As part of the project, Digicel has been contacted to handle the installation of the telecommunications points, with the World Bank intending to demonstrate to the private sector that commercial returns can be generated so that in the future they are motivated to invest in infrastructure on their own without relying on subsidies from the government or multilateral institutions. In addition to an initial round of financial assistance, the World Bank is providing technical assistance to the Department of Communication and Information in the area of policy development, and is providing guidance to NICTA on regulatory challenges.
The pace and extent to which the government deploys ICT to enhance the provision of public services could have a significant impact in a country like PNG, making an impact on rural development while also addressing other national challenges such as corruption.
PNG ranked in the bottom quartile of Transparency International’s most recent Corruption Perception Index, placing 145th out of 175 countries evaluated in the watchdog’s 2014 study. The Department of Finance, assisted by the UN Development Programme, has launched the Phones Against Corruption initiative, whereby via a no-charge text message individuals can anonymously report an incidence of corruption. A similar effort is underway to reduce and assist with family violence and sexual assault rates that are amongst the highest in the world, through the establishment of a free domestic violence hotline.
According to Jimmy Miringtoro, the minister of Information and Communication, beyond enabling the government to deliver new digital services such as e-health and e-education, the adoption of ICT takes on additional importance in a young and diverse nation such as PNG, where around 800 different cultural groups speak 900 languages.
“The process of integration has never been easy for us, but we feel that technology will be instrumental in speeding it up,” the minister told OBG in a 2014 interview. “I have no doubt that PNG could turn into a homogenous society by 2030, and that the ICT sector will be one of the main drivers in the process.”
As a young, low-income, geographically isolated country with a population spread over hundreds of islands and rugged jungle terrain, prevailing physical and market conditions have not been conducive to high rates of teledensity. The country, understandably, lags behind global norms when it comes to the penetration of both fixed and mobile communications due to a combination of limited access to services outside of urban centres and price points that the average consumer cannot afford.
The sector, however, is in a period of transformation and modernisation. Competition is being bolstered through new entrants, increased regulatory intervention, and the restructuring and dilution of the market influence held by some key state-owned entities. As a result, consumers are being presented with more choice, and this is leading to reduced tariffs and improvements in call quality, broadband speeds, reliability and service consistency.
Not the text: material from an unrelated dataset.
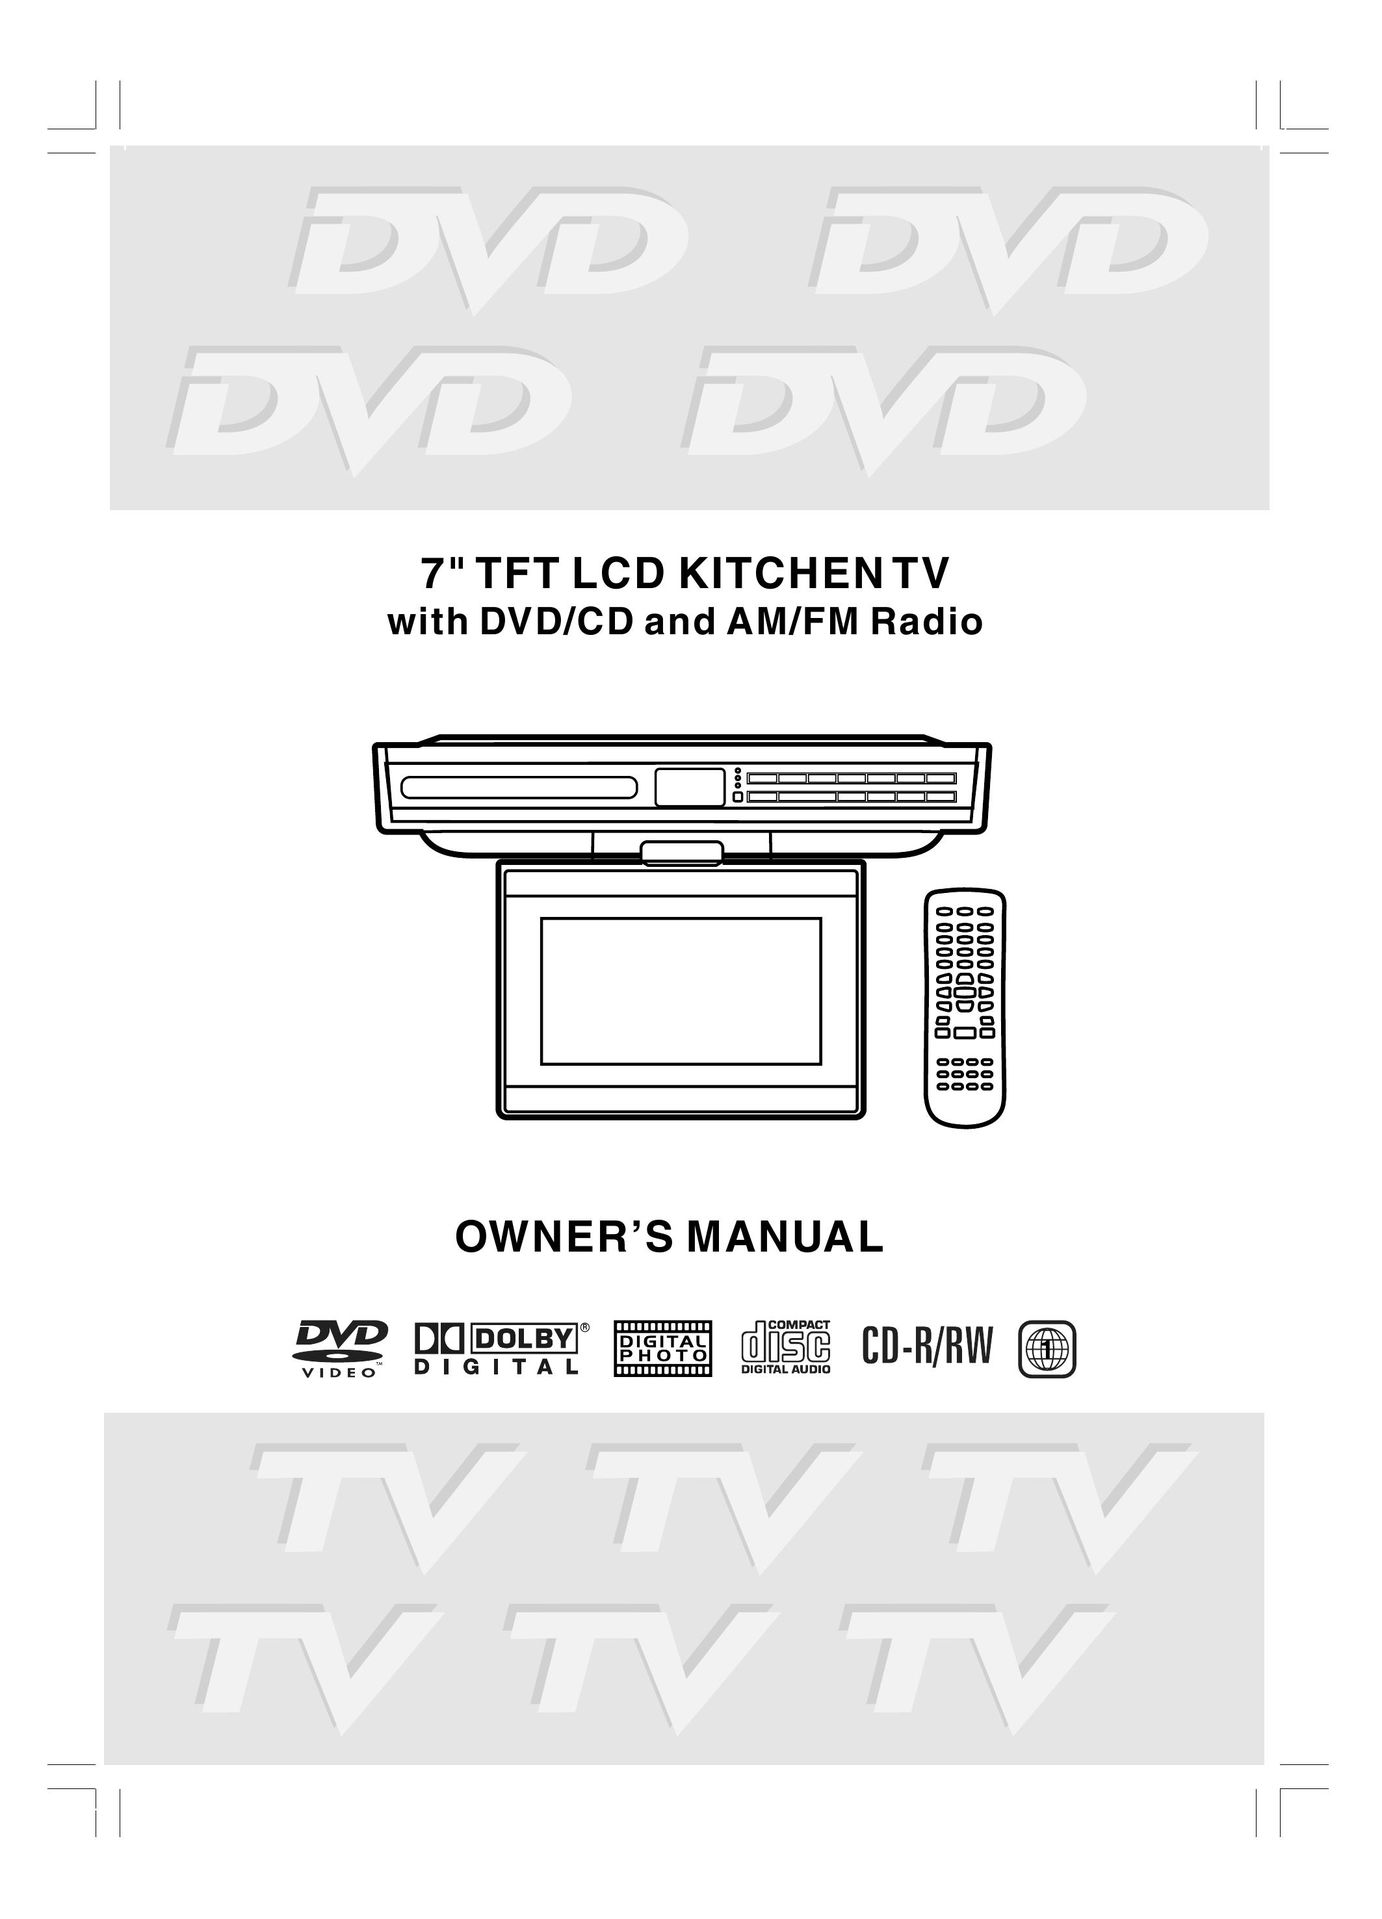 Venturer LCD Kitchen TV Car Video System User Manual

In addition to a competitive impetus, improvements are being rendered as a result of infrastructure expansion and upgrades. More connections to major international subsea cable systems are being put in place. Domestically, with fibre as the backbone and microwave links and satellite systems acting as complementary technologies offering redundancy and connectivity to more remote parts of the country, the government’s goal of achieving 50% broadband penetration by 2018 seems on track.
As speeds increase, capacity improves and costs come down, ICT is set to become a more integral part of many PNG businesses and help them improve their competitiveness and global integration. With 40% of residents owning mobile phones – a proportion that is growing rapidly as 3G and 4G networks are rolled out – this presents newfound opportunities for critical government services to be delivered online.